For the record, resizing an ezjail goes like # zfs list # zfs get quota tank/jails/cgit # zfs set quota=15G tank/jails/cgit (so next time I can find it in my mail archive, and I guess it should go in a wiki somewhere. On osmocom.org?)
Last time it was the jenkins jail hitting disc limits. Then I said "We should probably set a refquota so that the live file system's quota is somewhat independent from the quota used for snapshots." I see the jenkins jail now has a 40G refquota, but the others seem not to. How does it work, set a huge quota to allow space for snapshots, and limit the fs itself by a refquota?
~N
On 2. Sep 2017, at 03:14, Neels Hofmeyr nhofmeyr@sysmocom.de wrote:
Hi!
Just now I only got long waits and then "502 Bad Gateway" on git.osmocom.org ... the cgit ezjail hit its root partition limit. I had to re-figure out what I did last time, tried to find ezjail-admin options until finally I ended up back in zfs and started remembering... I increased the zfs quota for the cgit jail from 10G to 15G. Now it's working again.
What takes 10G? The actual git repos are mounted RO and should not consume any space. The only thing that should take space is the log and the cgit cache.
Last time it was the jenkins jail hitting disc limits. Then I said "We should probably set a refquota so that the live file system's quota is somewhat independent from the quota used for snapshots." I see the jenkins jail now has a 40G refquota, but the others seem not to. How does it work, set a huge quota to allow space for snapshots, and limit the fs itself by a refquota?
quota -> refquota is a good thing. Let's do it. I think we ran into this not because the actual jail size was > 10GB but the cache was re-written over the last weeks.
holger
Hi Neels,
thanks for looking into this.
On Sat, Sep 02, 2017 at 03:14:33AM +0200, Neels Hofmeyr wrote:
Just now I only got long waits and then "502 Bad Gateway" on git.osmocom.org ... the cgit ezjail hit its root partition limit. I had to re-figure out what I did last time, tried to find ezjail-admin options until finally I ended up back in zfs and started remembering... I increased the zfs quota for the cgit jail from 10G to 15G. Now it's working again.
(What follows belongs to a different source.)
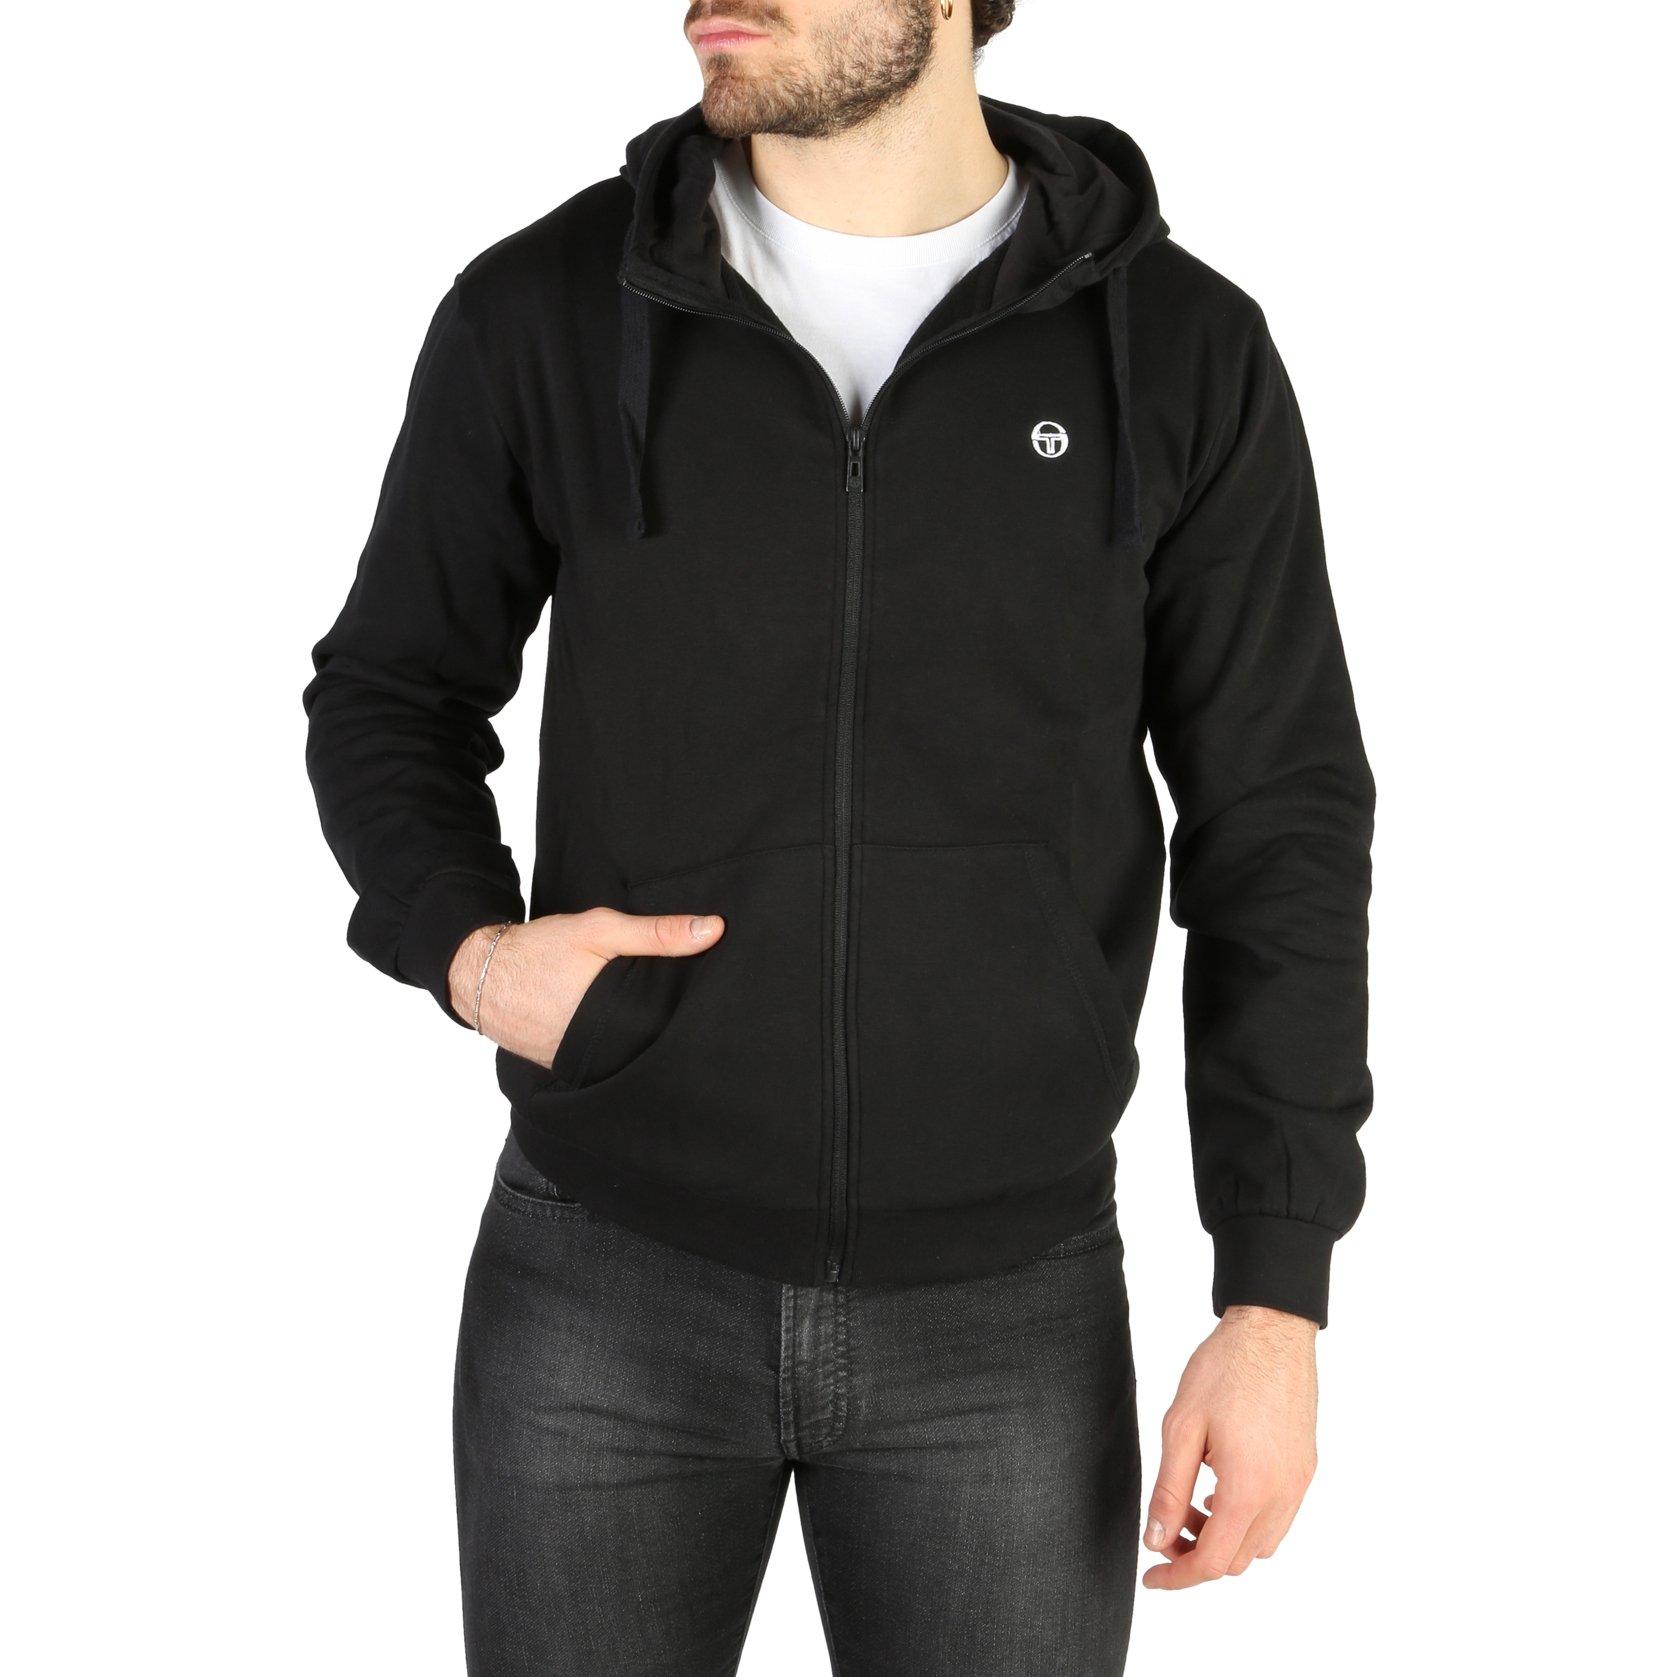 Sergio Tacchini Men's Sweatshirt Various Colours 103-10001 - black S

the question is why does it need that much quota? Right now I can see that it only uses only 2.1GB on disk:
root@cgit:/ # df -h Filesystem Size Used Avail Capacity Mounted on tank/jails/cgit 8.4G 2.1G 6.3G 25% /
Did you (or somebody else) clear the cgit cache (it's currently 1.8GB)? The cache is limited in number of files (10k), not in size of those files by (cgitrc 'cache-size' attribute).
What has grown beyond that existing 10GB limit?
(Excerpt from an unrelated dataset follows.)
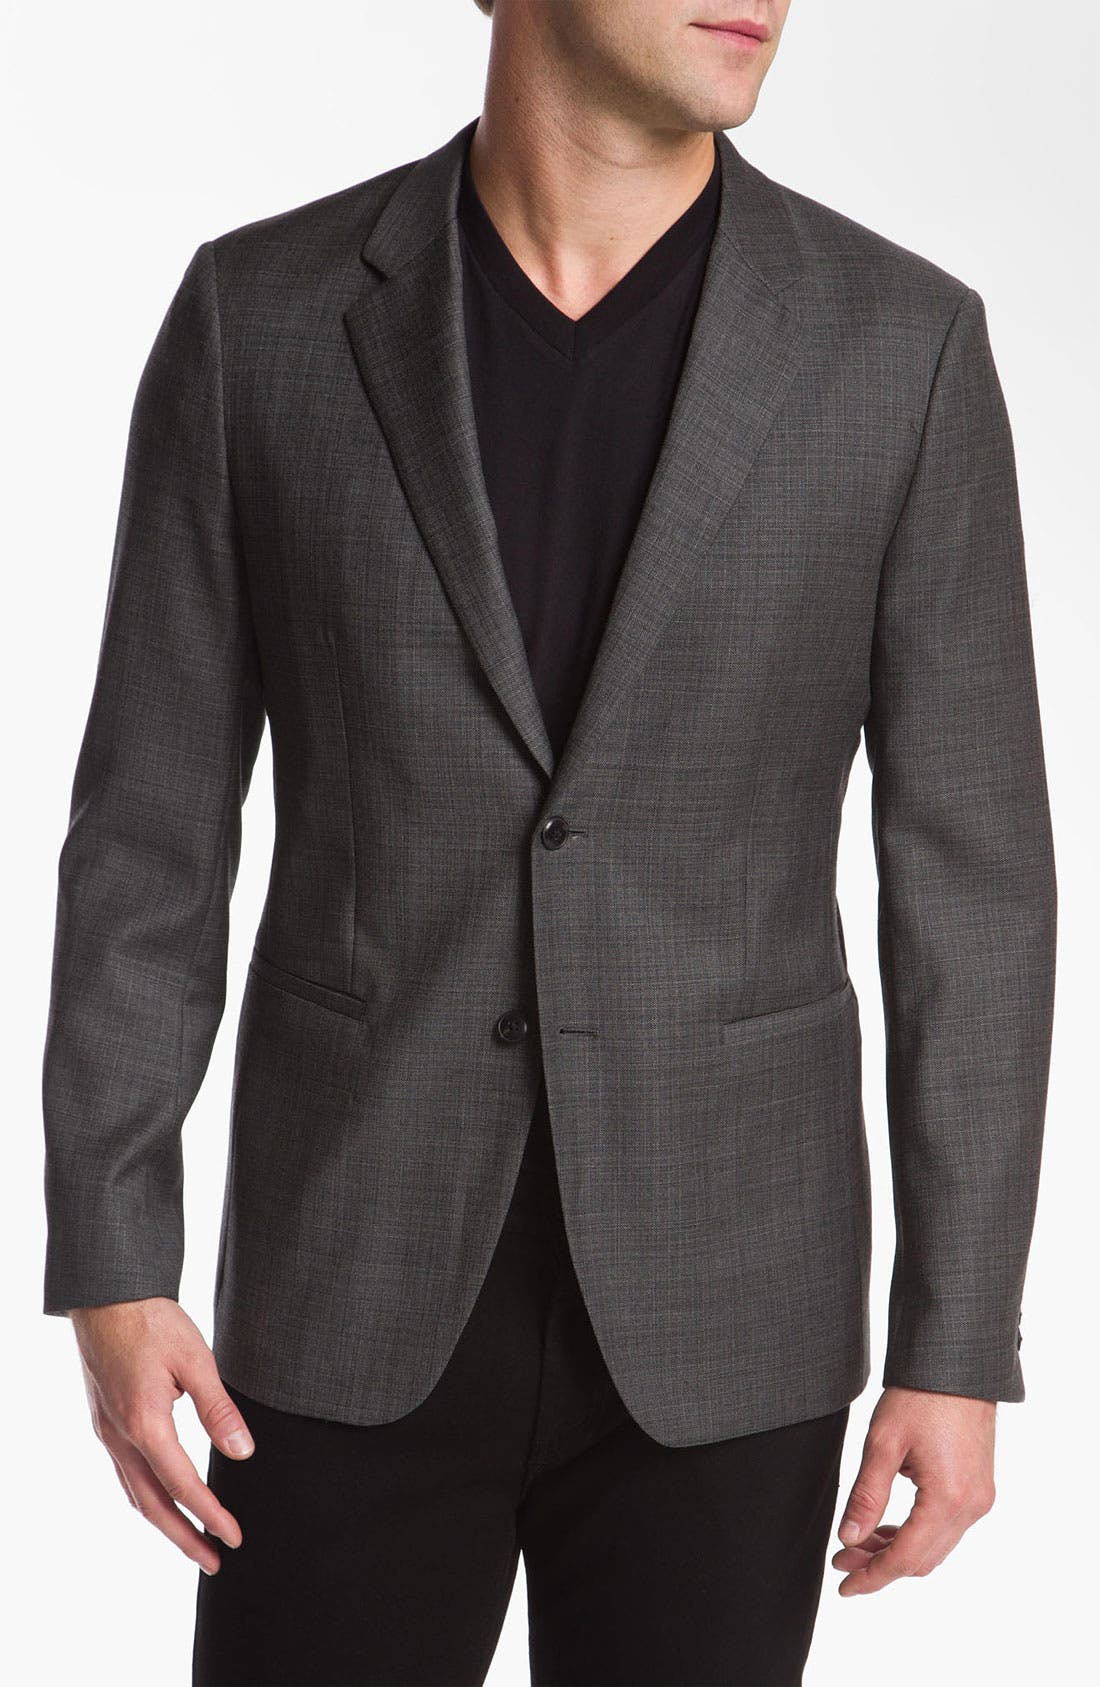 Alternate Image 1 Selected - Theory 'Kris LaJoux' Blazer

For the record, resizing an ezjail goes like # zfs list # zfs get quota tank/jails/cgit # zfs set quota=15G tank/jails/cgit (so next time I can find it in my mail archive, and I guess it should go in a wiki somewhere. On osmocom.org?)
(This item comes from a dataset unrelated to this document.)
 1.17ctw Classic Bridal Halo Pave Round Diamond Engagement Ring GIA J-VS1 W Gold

sure, that's why we have the http://osmocom.org/projects/osmocom-servers redmine for, I guess.
Last time it was the jenkins jail hitting disc limits. Then I said "We should probably set a refquota so that the live file system's quota is somewhat independent from the quota used for snapshots."
when are snapshots used?
On Sat, Sep 02, 2017 at 10:03:24AM +0200, Harald Welte wrote:
the question is why does it need that much quota? Right now I can see that it only uses only 2.1GB on disk:
root@cgit:/ # df -h Filesystem Size Used Avail Capacity Mounted on tank/jails/cgit 8.4G 2.1G 6.3G 25% /
What has grown beyond that existing 10GB limit?
When this happened, the root fs was on 4.1G, with a 'quota' of 10G, i.e. probably ~6G taken up by snapshots. Something must have shrunk since then.
I've now changed to refquota=5G (so the root fs can be up to 5G, chose 5 since I saw it hit 4G) and removed the quota (i.e. the snapshots will not cause us to limit disk space on the jail).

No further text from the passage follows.